I WAS focused on building things from an early age. When I was about 3, our toilet broke and my mother was ready to call the plumber. I told her I would fix it and asked her to get my Richard Scarry book "How Things Work in Busytown." Between the picture of a toilet, and the text she read to me explaining how the parts worked, I fixed it.
I thought boxes were the best toy. When my parents got a new car, I ran to my mother and said, "Did it come in a box?" Later I created conveyor systems to carry things from one side of the house to the other.
My parents divorced when I was 9, but they continued to support my projects. If I needed copper wire or more Legos, the items would magically appear. I also enjoyed the leadership aspect of organizing events like Ultimate Frisbee.
I learned to canoe at summer camp and thought I'd pursue Olympic whitewater canoeing. In my senior year of high school, I instead decided to attend M.I.T. I like to say I've had only two jobs in my life: whitewater canoeing instructor and wilderness guide in college, and C.E.O. of iRobot.
I started iRobot with a fellow M.I.T graduate, Helen Greiner, and our professor, Rodney Brooks, in 1990. (They've since started their own robotics companies, and we're still good friends.) So I was a C.E.O. at 22.
You want to have a certain gravitas when you're young and pioneering a product in a new space, but my business card read "C.E.O. and Professional Kid." I realized that was a problem when an investment banker left our meeting 10 minutes after I handed the card to him. I didn't close a lot of multinational deals in those years. By 30, I was taken more seriously.
Starting out, iRobot was not an economic rocket ship. It took six and a half years before we had enough money in the bank at the beginning of each month to make payroll. We always made it — we paid salaries at the end of the month and I always had four weeks to figure things out. So despite the risks I saw on a daily basis, our employees never worried.

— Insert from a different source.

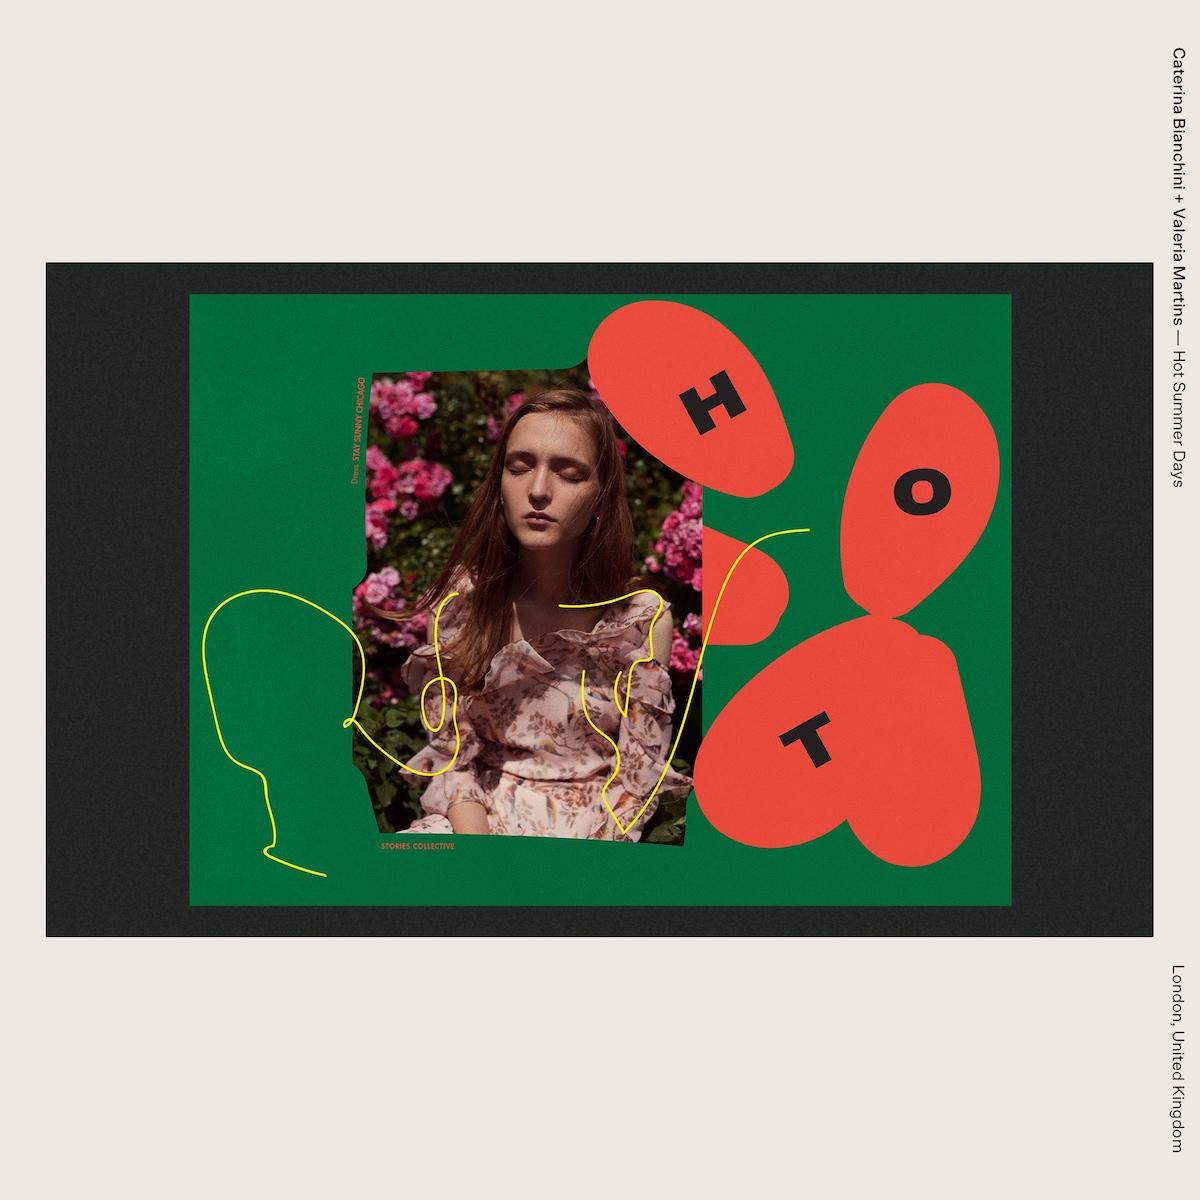 Caterina Bianchini + Valeria Martins — Hot Summer Days

The company has two divisions. Our home robots division makes the Roomba vacuum, which navigates a room and avoids obstacles while cleaning. And we just released the Scooba 230, which washes bathroom floors. Our government and industrial division makes robots for bomb disposal; iRobot now has over 4,000 of them in more than 25 countries.
We also make robots for undersea exploration. One battery charge lets our ultrahigh-endurance robot collect data undersea at extreme distances. After the oil rig explosion in the Gulf of Mexico last year, researchers hypothesized that there were plumes of oil beneath the water's surface. Data from our Seaglider robots proved it. Recently we provided four robots to Japan for use in a damaged nuclear reactor.
It took 10 years to develop our first product, the Roomba, and we take the long view with our current effort to develop products to help the elderly live independently in their homes. Learning the health care industry will take time, but we're facing huge demographic shifts, and there aren't enough caregivers for an aging population. We already help people clean their homes, but we're looking at robotic applications that could help monitor their safety and help them adhere to medication regimens, and so forth.
People tell me over and over what they want. If the same thing comes up again and again, it doesn't take a Ph.D. to know we should produce it. Then we have to look at how to make a complicated robotic product that's affordable and easy to use. But our mission has never changed: to build cool stuff, deliver great products, make money, have fun and change the world.